Gideceği bar evinin iki sokak ilerisindeydi. Genç kız telefonunu arka cebine sıkıştırdı. Yerde duran kıyafet birikintisinin içerisinden rastgele bir kapüşonlu alıp hızlıca üzerine geçirdi. Eskimiş, çürük tahta kapısının arkasında bulunan askılıktan da şapkasını alıp başına taktıktan sonra ayakkabılarını giyip eskimiş, küçük evinden çıktı.

Gece'nin oturduğu mahallede insanlar pek fazla dışarı çıkmazdı. Sessiz, sakin, samimi ve bir o kadar da yasa dışı işlerin döndüğü karanlık bir mahalleydi. Polislerin uğrak mekanıydı Yılmaz Mahallesi. Adını Beton Rıza olarak bilinen, Ali Rıza Yılmaz'dan alırdı. Neredeyse her gün düzenli olarak çeşitli mekanlara baskınlar yapılır, onlarca kişi bir gecede gözaltına alınırdı.

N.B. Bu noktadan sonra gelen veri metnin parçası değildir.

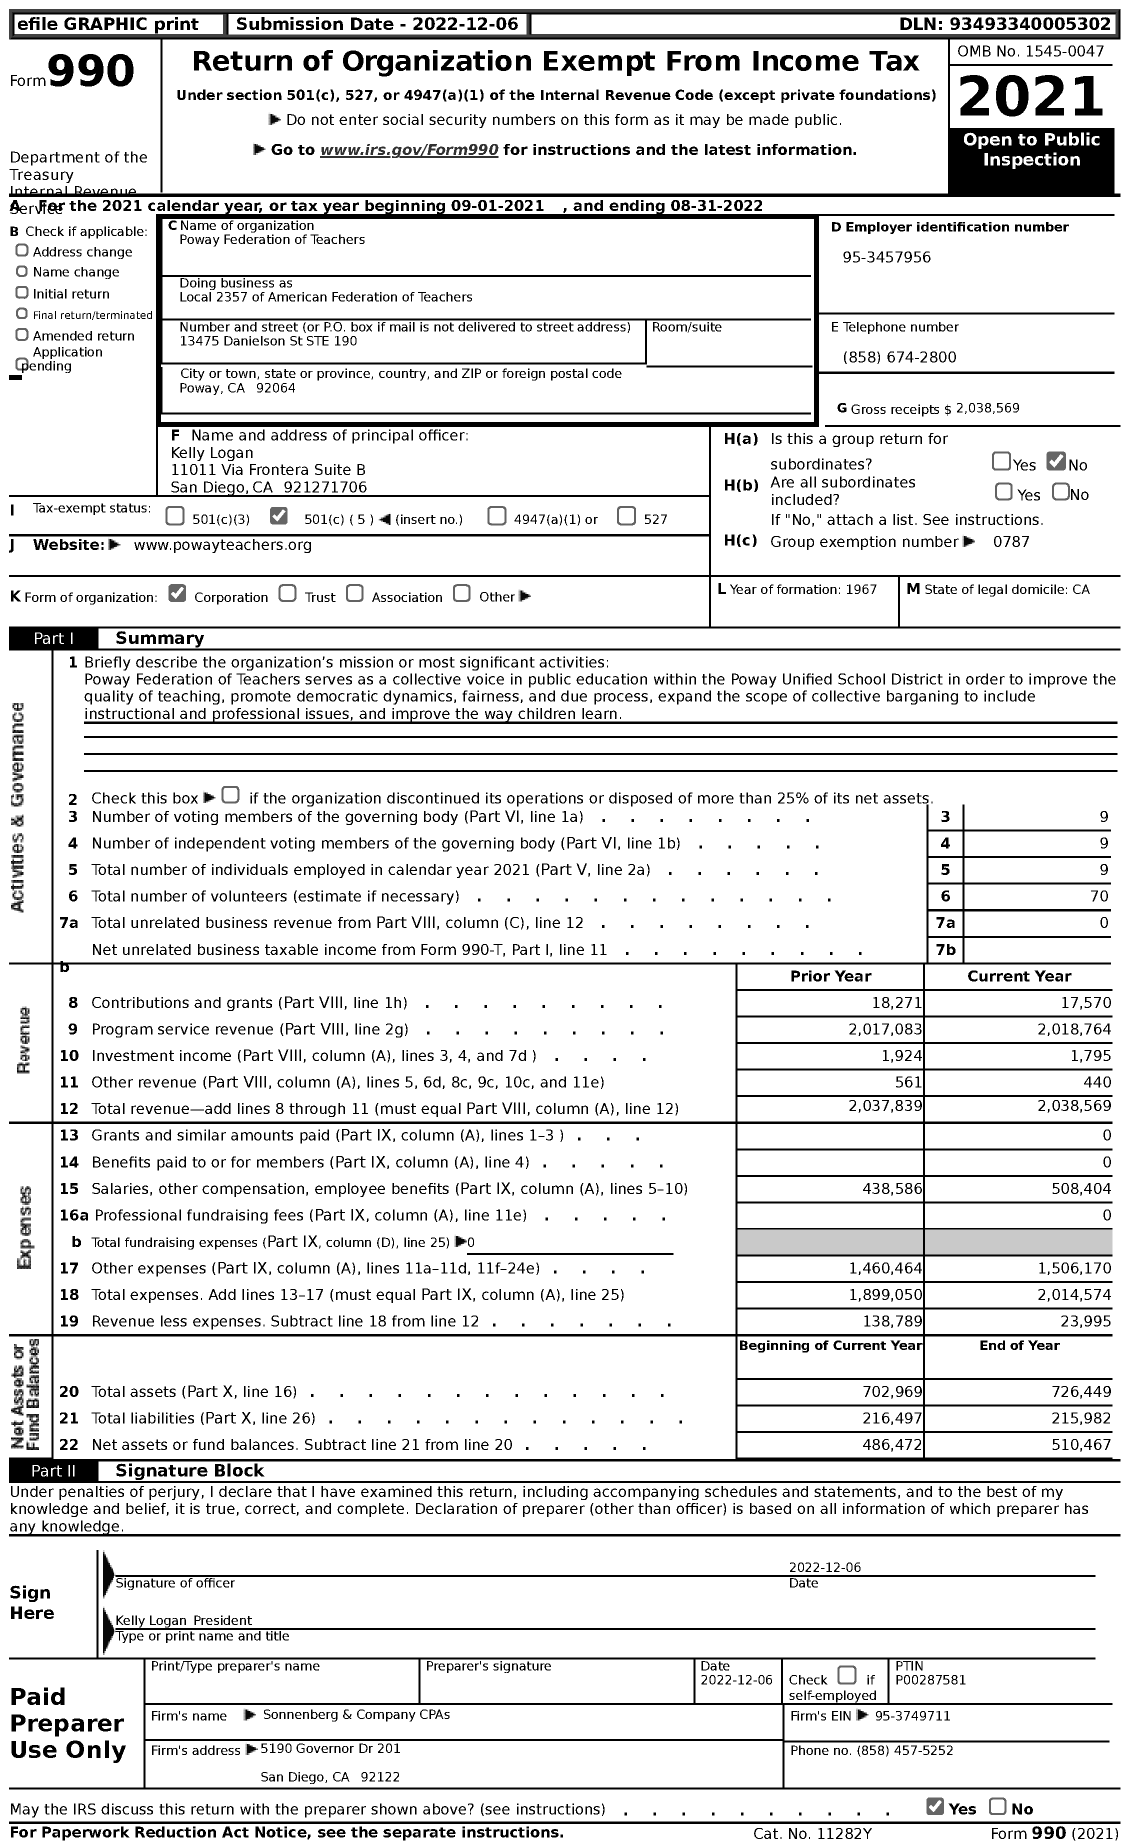 Image of first page of 2021 Form 990 for American Federation of Teachers - Local 2357 of American Federation of Teachers

Gece, her defasında bu baskınlardan ustalıkla paçasını sıyırabilen nadir kişilerden biriydi. Bugüne kadar hiç yakalanmamış, sicili temiz kalmıştı. Patronunun gururuydu. Bu, kız için büyük bir onurdu.

Mahallede herkes severdi genç kızı. Kimsesi olmadığı bilindiğinden ellerinden geldiklerince sahip çıkmaya çalışırlardı. Gündüzleri köfteci Hasan Usta'nın çırağı, geceleriyse Beton Rıza'nın zehir saçan meleği olurdu. Kazandığı üç kuruşla da kirasını öder, karnını doyurmaya çalışırdı. Gece, hayatı boyunca hep pembe gözlükleriyle bakardı gri dünyaya. Bu onu ne kadar yorsa da, mecburdu. Hiçbir zaman pes edemezdi. Hem, zorluklarla savaşmayı severdi. Basit zaferlerden nefret ederdi.

Gecekondudan bozma evinin demir kapısına geldiğinde başını yağmurlu göğe kaldırdı. Yüzüne damlalar çarparken, soğuk havaya karışan ıslak asfaltın kokusunu çekti içine. İğrenerek yüzünü buruşturdu. Bir kez daha gezindi damarlarında yağmurun nefretini. Esen rüzgar kırbaçlarken kızın tenini başını gökyüzünden yere indirdi. Yüzünü ıslanmaktan koruyan şapkaya minnet ederek kendisine bahşedilen vazife için, karanlık sokakta yürümeye başladı.

Kaldırım kenarlarından asfalta taşan sarı yaprakları çamurlu ayakkabısıyla basarak kirletti. Çiseleyen yağmur çoktan yaprakları yere yapıştırmıştı. Üzerlerine bastıkça çıkan hışırtılı ses kulaklarını tırmalayamadığı için mutluydu genç kız. Yağmurun gürültüsü ona yetiyordu.
Bara yaklaştığında karnından yumruk yemiş gibi bir ağrı saplandı genç kıza. Kalbi ağzında atıyordu.